= Donald Duff (geologist) =

Scottish geologist and academic author

Peter McLaren Donald Duff FRSE FGS (1927–1998) was a Scottish geologist and academic author.

==Life==
Duff was born in Edinburgh the son of the personnel officer to the London & North Eastern Railway. His early life was unsettled due to his father’s frequent job-related relocations. He eventually settled and his first fixed school was Edinburgh High School. A neighbour, Mary Noble FRSE, a plant pathologist, encouraged an interest in plants and agriculture, and on this basis, he entered the University of Edinburgh in 1944. However, he was called up to serve (in the Fleet Air Arm) soon thereafter and not demobbed until 1947. On his return to the University of Edinburgh, he instead decided to study geology, under Professor Arthur Holmes, graduating with a BSc in 1951. Holmes encouraged him to undertake a Ph.D., beginning by remapping Ben Hiant near Ardnamurchan. However, it was hard to surpass the original survey work by James Ernest Richey FRSE and Duff abandoned the project. He did, however, fall in love with Ardnamurchan and bought a house there.

After his doctorate, Duff immediately obtained a post mapping with the British Geological Survey being tasked with mapping the coalfields of Nottinghamshire and Derbyshire.

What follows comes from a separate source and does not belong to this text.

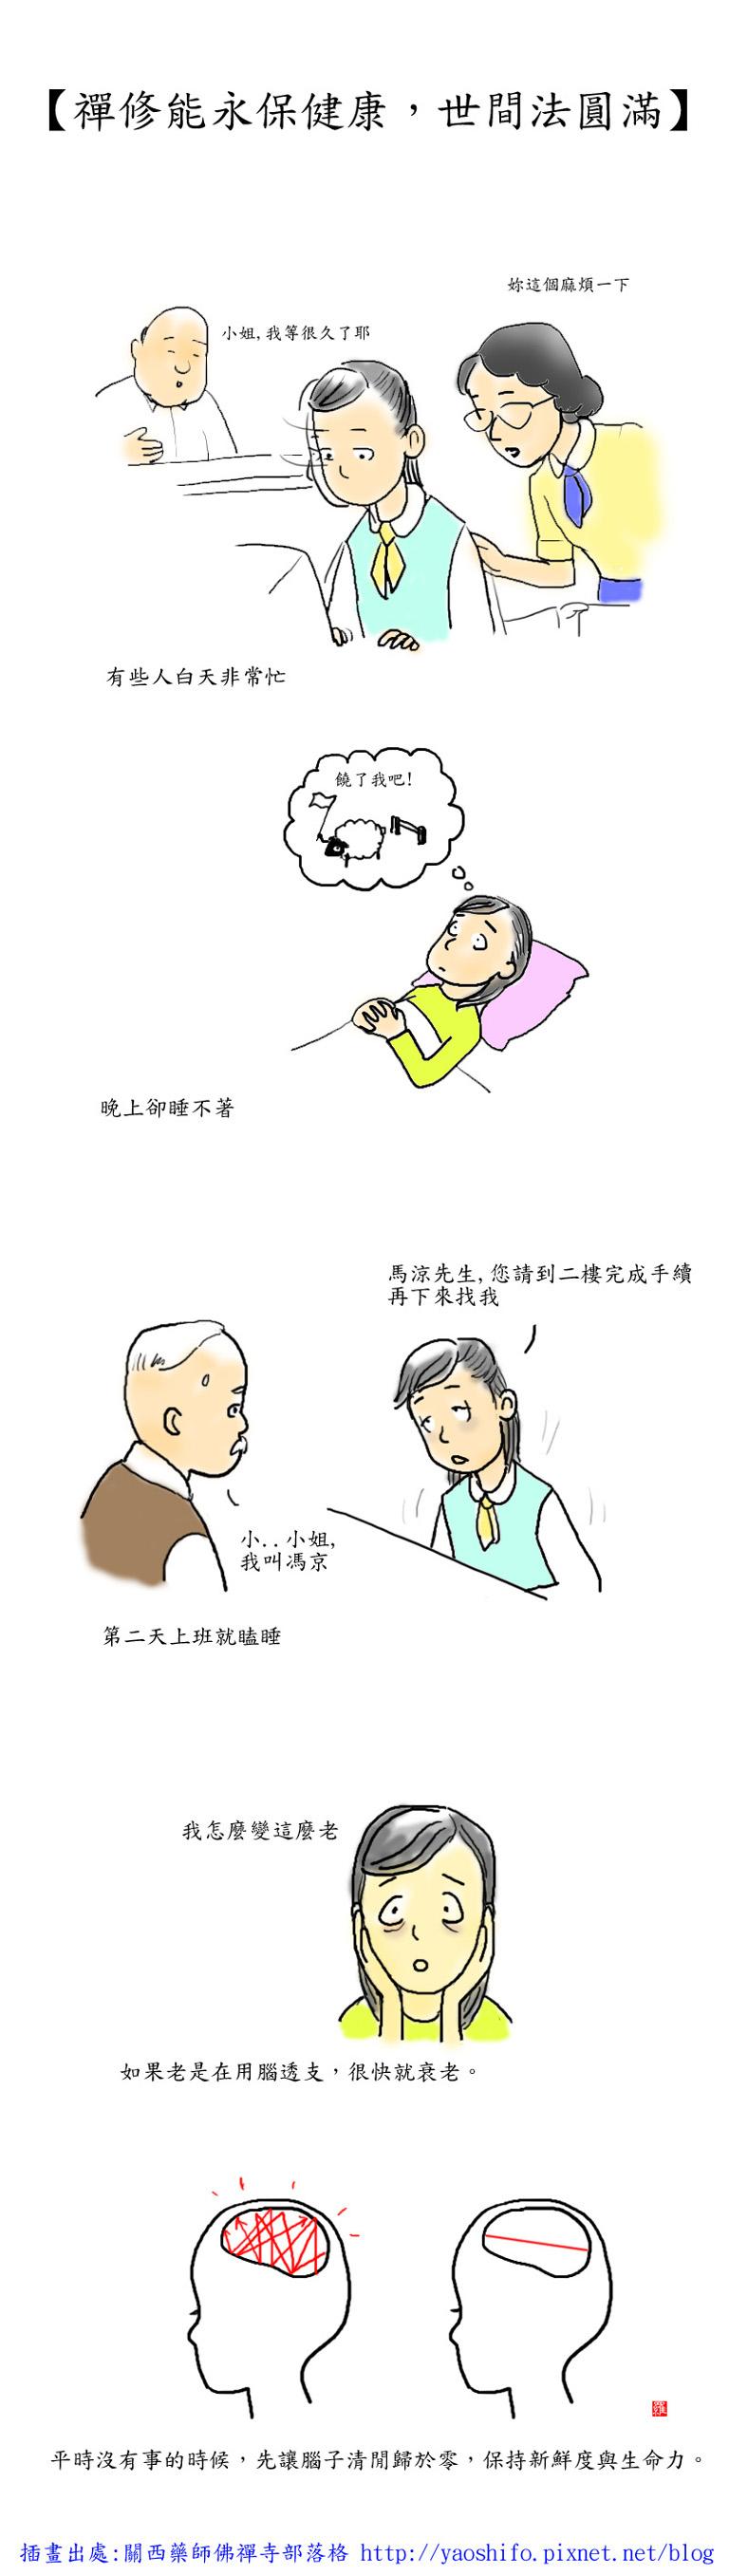 修禪永保健康.jpg

In 1954 Duff was offered a post as lecturer in economic geology at the University of Edinburgh. He rose to Senior Lecturer and Associate Dean of the Faculty of Science. In 1965 he took a sabbatical to research the coalfields of New South Wales in Australia for the University of Sydney. He left the University of Edinburgh in 1974 to take a post as Professor of Applied Geology at the University of Strathclyde. At the University he was also Dean of the School of Civil Engineering. In 1982 he left academia to take on the role of Chief Coal Review Geologist to BP.

In 1974 Duff was elected a Fellow of the Royal Society of Edinburgh. His proposers were Gordon Y Craig, E Kendall Walton, Sir Frederick H Stewart and Charles Waterston.

In the period 1974 to 1982 Duff used his summer vacations as a consulting geologist in British Columbia. This required worldwide travel in search of fuel supplies. He was a member of the Athenaeum Club, London and the New Club, Edinburgh.

Duff had several health issues including having a disc removed in 1946 which ended his sporting life. He had a sextuple heart bypass in 1985 and retired in 1987. He died of cancer in Edinburgh on 23 March 1998.

==Publications==
Duff was editor of the Geological Journal and also contributed to the Scottish Journal of Geology and Applied Earth Science. Other works include:

- Cyclic Sedimentation (1967) with E K Walton
- Geology of the Lothians and South East Scotland (1976)
- Geology of England and Wales (1992)

==Family==
Duff was married to Jean in 1952 and had three children, Peter, Alistair, and Jennifer.